(WHAT IS BEING ASKED) Wherever pictures appear in the listing below, leave them out, and copy exactly, and only, everything from the line with "เข้าร่วมโครงกา" down to the line with "ณ โรงเรียนพรหมานุสรณ์ จังหวัดเพชรบุรี".

(LISTED RECORDS)
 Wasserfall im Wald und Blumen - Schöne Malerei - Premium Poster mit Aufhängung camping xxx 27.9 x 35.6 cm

* * *

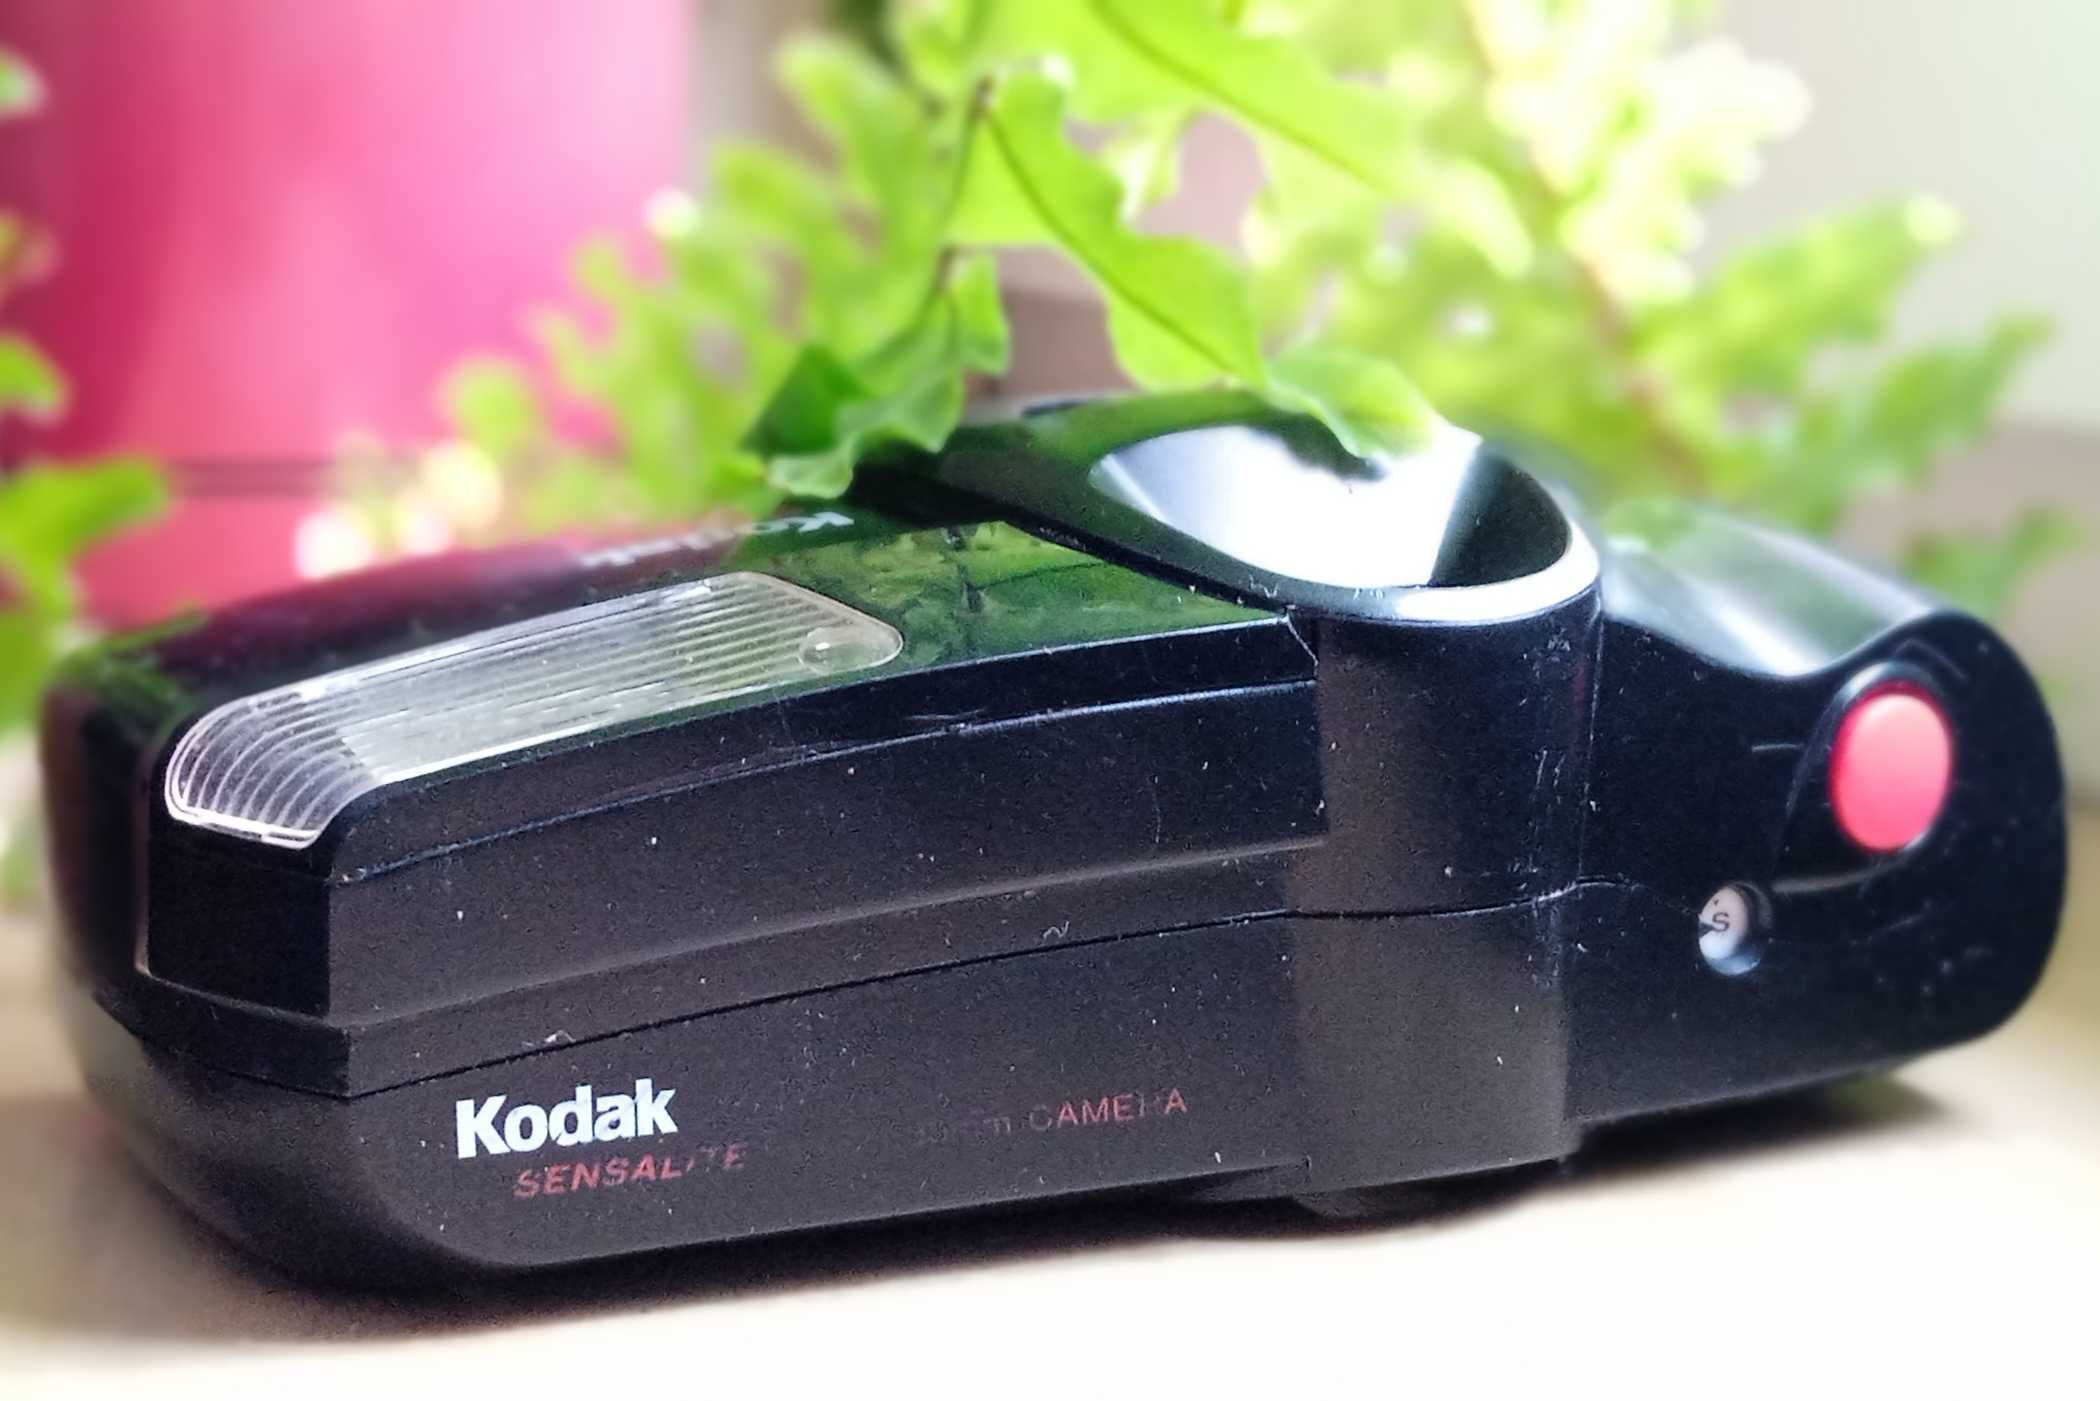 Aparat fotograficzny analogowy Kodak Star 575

...

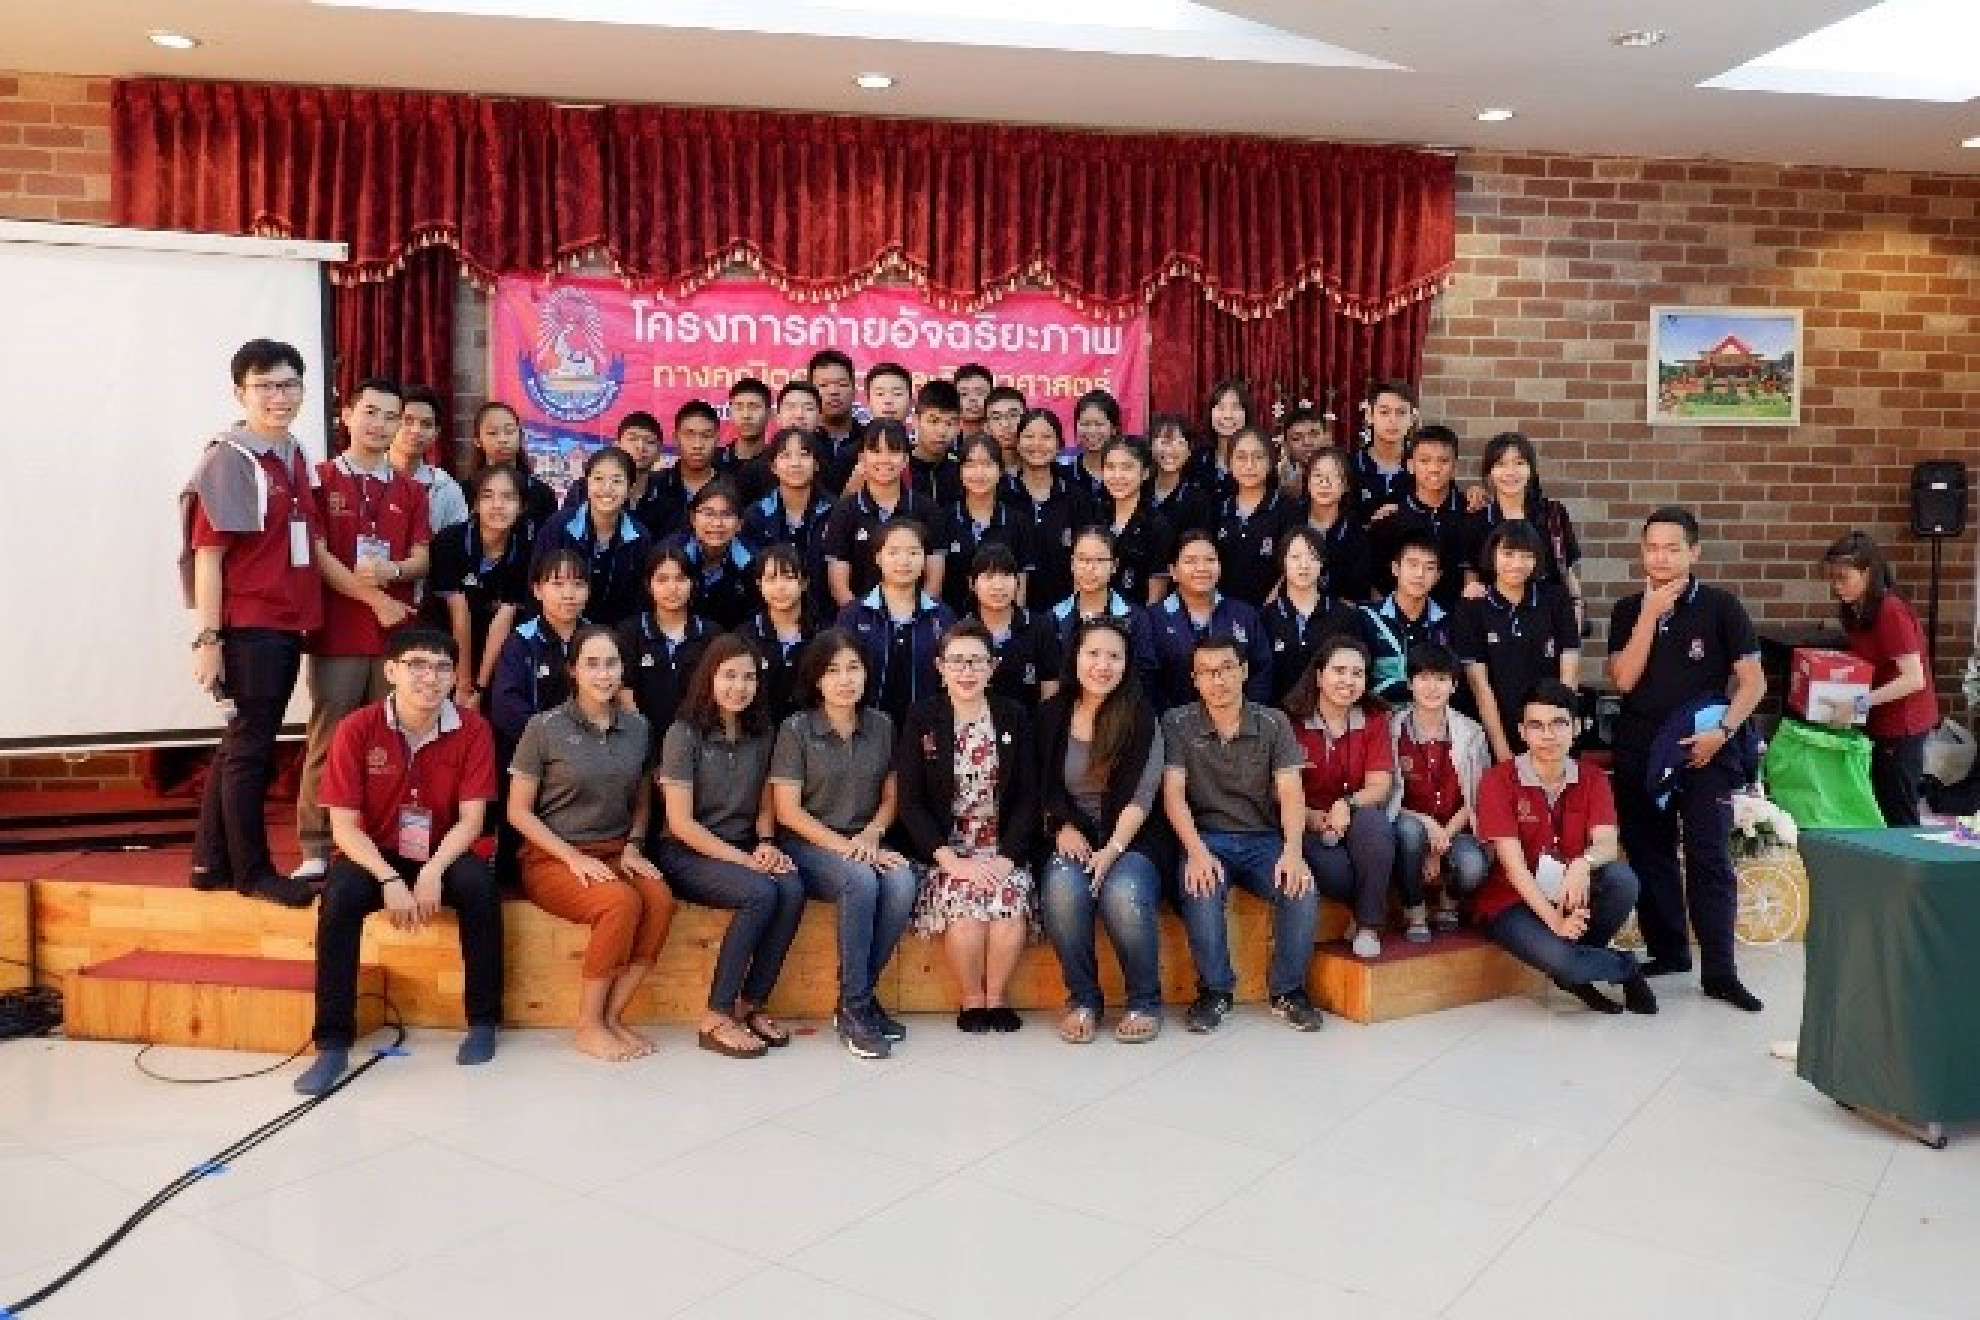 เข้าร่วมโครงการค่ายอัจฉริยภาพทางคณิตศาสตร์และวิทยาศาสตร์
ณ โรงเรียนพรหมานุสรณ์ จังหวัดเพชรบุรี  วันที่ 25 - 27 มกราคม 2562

(TASK ANSWER)
 เข้าร่วมโครงการค่ายอัจฉริยภาพทางคณิตศาสตร์และวิทยาศาสตร์
ณ โรงเรียนพรหมานุสรณ์ จังหวัดเพชรบุรี  วันที่ 25 - 27 มกราคม 2562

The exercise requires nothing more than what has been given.